New search area for MH370 determined...

*Australia: New analysis backs search area for Malaysia Airlines Flight 370*
_December 2, 2015 Australian authorities said Thursday that new analysis confirms they've likely been searching in the right place for a missing Malaysian airliner.  Searchers have been combing a 46,000-square-mile part of the Indian Ocean since last year but have yet to turn up any trace of Malaysia Airlines Flight 370._


> The only confirmed wreckage of Flight 370 to be recovered was a wing flap found on a remote Indian Ocean island in July.  The new analysis by an agency of the Defence Department confirmed "the highest probability" the final resting place for the plane is within the current search area, the government said in a statement.
> 
> 
> 
> ...


----------



## waltky (Jan 26, 2016)

Uncle Ferd says, "Ow! - bet dat hurt...

*Sonar vehicle searching for MH370 hits volcano, lost at ocean bottom*
_Jan. 25, 2016 -- A deep-sea sonar vehicle searching for missing Malaysia Airlines Flight 370 has been lost after colliding with a submerged volcano in the Indian Ocean._


> The sonar vehicle -- known as a towfish -- collided with a 2,200-meter mud volcano on Sunday. The vehicle and 4,500-meter cable attaching it to the Fugro Discovery search vessel are now on the ocean floor.  Australia has been leading the search for MH370 at the request of the Malaysian government. Fugro, a Dutch company that provides deep-sea surveys, later received a contract to join the search.
> 
> 
> 
> ...


----------



## waltky (Mar 2, 2016)

More MH370 debris washes up on shore...

*US official: Debris from same type of plane as MH370*
_Mar 2,`16 WASHINGTON (AP) -- Debris that washed up in Mozambique has been tentatively identified as a part from the same type of aircraft as the missing Malaysia Airlines Flight 370, a U.S. official said Wednesday._


> Photos of the debris that washed up over the weekend appear to show the fixed leading edge of the right-hand tail section of a Boeing 777, said the official, who spoke on condition of anonymity because he wasn't authorized to speak publicly. MH-370, which disappeared two years ago with 239 people aboard, is the only known missing 777.  People who have handled the part, called a horizontal stabilizer, say it appears to be made of fiberglass composite on the outside, with aluminum honeycombing on the inside, the official said. The part is being transported to Malaysia.
> 
> Mozambique's National Director of Civil Aviation Joao Abreu dismissed the report, saying authorities have found no part of the missing plane. But Malaysian transport minister Liow Tiong Lai tweeted to confirm the discovery.  "Based on early reports, high possibility debris found in Mozambique belongs to a B777," Liow said in a series of tweets.  "It is yet to be confirmed & verified. @dca-malaysia working w Australian counterparts to retrieve the debris." He also urged "everyone to avoid undue speculation as we are not able to conclude that the debris belongs to #mh370 at this time."
> 
> ...


----------



## waltky (Jul 29, 2016)

Chinese families upset over decision to end search for MH370...

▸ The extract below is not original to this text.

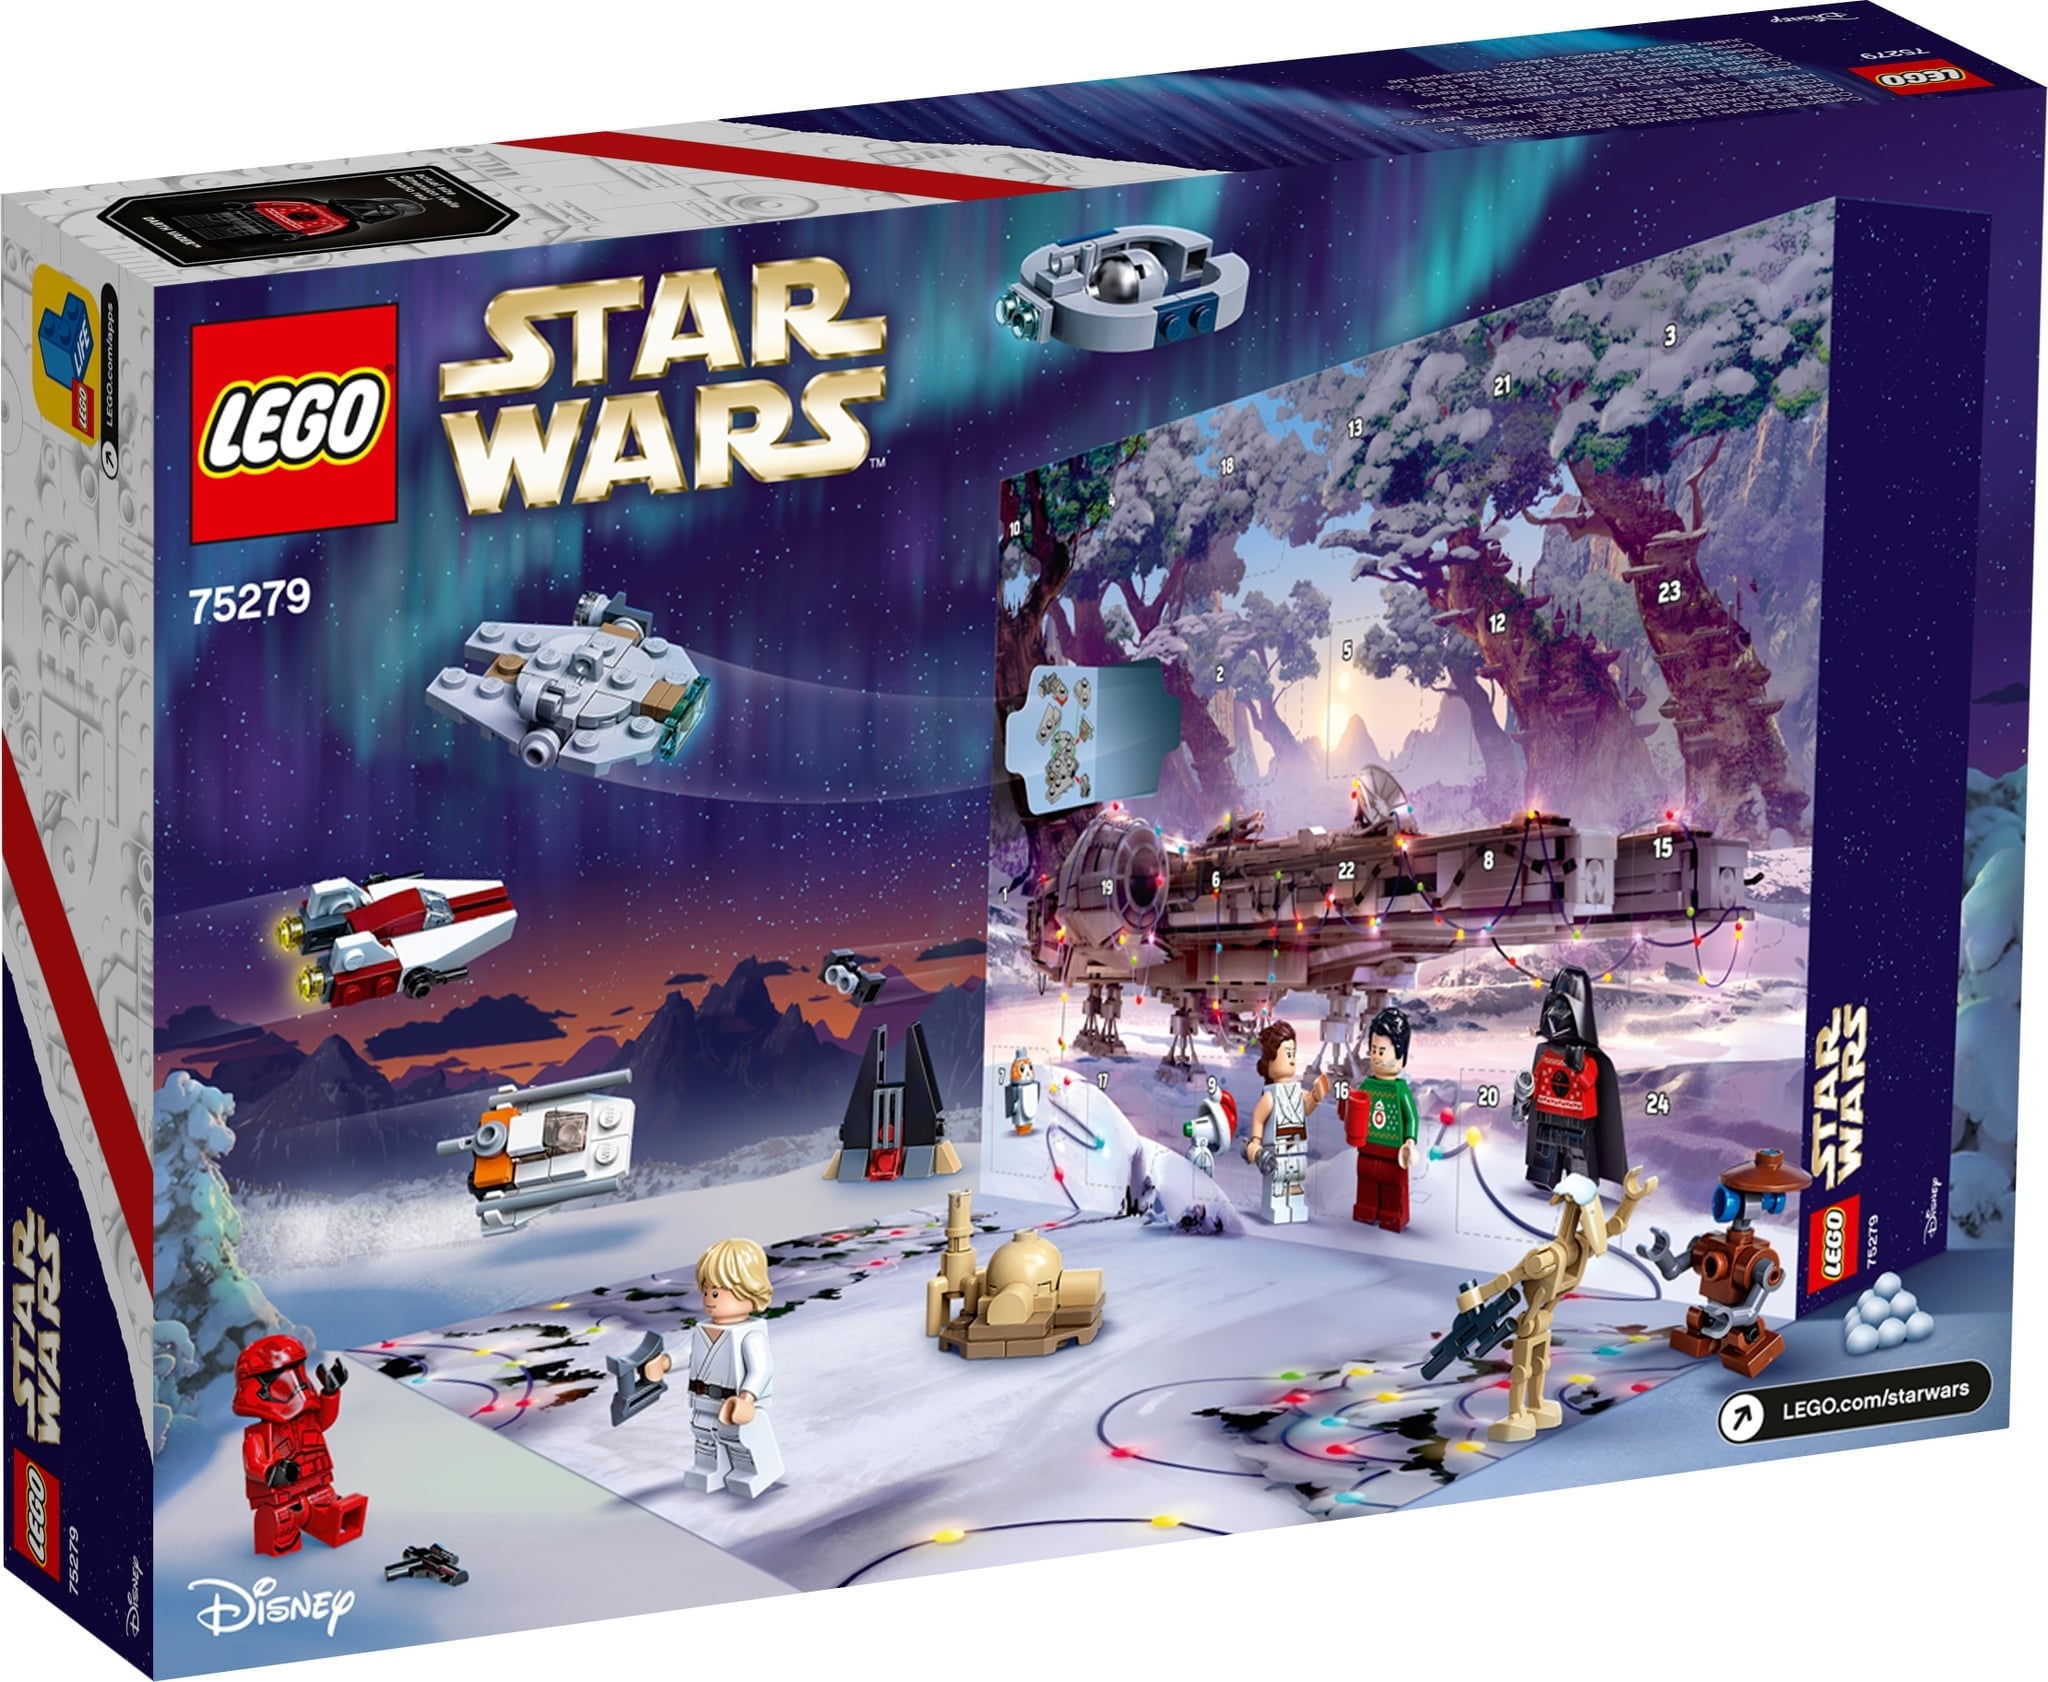 Take Lego Star Wars Advent Calendar 2021 Code

*Chinese relatives of Flight 370 passengers protest over search decision*
_Saturday 30th July, 2016 -  About two dozen Chinese relatives of passengers on board missing Malaysia Airlines Flight 370 have staged a small protest outside China's Foreign Ministry, calling on governments to continue searching for the plane._


> The families gathered outside the ministry in Beijing and demanded to see the foreign minister to submit a petition to him saying that last week's decision to suspend the search was irresponsible.  China, Australia and Malaysia announced last week that the more than two-year-long hunt for the missing plane would be suspended once the current search area in the Indian Ocean has been completely scoured, something expected by the end of the year.
> 
> 
> 
> ...


----------



## waltky (Oct 7, 2016)

Wing Part Found on Mauritius Confirmed to Be From Missing MH370...




*Missing MH370: Wing Part Found on Mauritius Confirmed to Be From Jet*
_Oct 7 2016  — A piece of an aircraft wing found on the Indian Ocean island of Mauritius has been identified as belonging to missing Malaysia Airlines Flight 370, Malaysian and Australian officials said Friday._


> The piece of wing flap was found in May and subsequently analyzed by experts at the Australian Transport Safety Bureau, which is heading up the search for the plane in a remote stretch of ocean off Australia's west coast. Investigators used a part number found on the debris to link it to the missing Boeing 777, the agency said in a statement. Malaysian Transport Minister Liow Tiong Lai also confirmed the identification.
> 
> 
> 
> ...


----------



## waltky (Mar 18, 2018)

Missing flight MH370 ‘found’ on Google Earth riddled with bullet holes...




*Missing flight MH370 ‘found’ on Google Earth riddled with bullet holes, crash investigation expert claims*
_Mar 18, 2018 - Images have emerged showing what could be the wreckage of missing Malaysia Airlines flight MH370 and it’s covered in bullet holes, an expert has claimed._


> The Google Earth pictures show what appears to be the outline of the plane, which vanished along with 239 passengers and crew, under the surface of waters just north of Mauritius.  Australian amateur crash investigator Peter McMahon has spent years poring over NASA and Google Maps images since the plane disappeared in the Indian Ocean four years ago and claims he now thinks he has found it.  He believes the aircraft is 10 miles south of small islet Round Island – an area not included in the search operation by experts.
> 
> Mr McMahon said he sent his findings to the Australian Transport and Safety Bureau, which confirmed it could be the missing craft.  But he claims they were then told by US officials to stick to the assigned area of the Indian Ocean.  Could this be part of the front cabin of missing MH370 in waters south of Rodrigues Island?Mr McMahon, 64, told Daily Star Online: “Four Americans were sent to Australia to oversee the findings of MH370.  “They have made sure that all information received has been hidden from the public, even our government – but why?”
> 
> ...


----------



## irosie91 (Mar 18, 2018)

what is the conjecture that explains "bullet holes"?


----------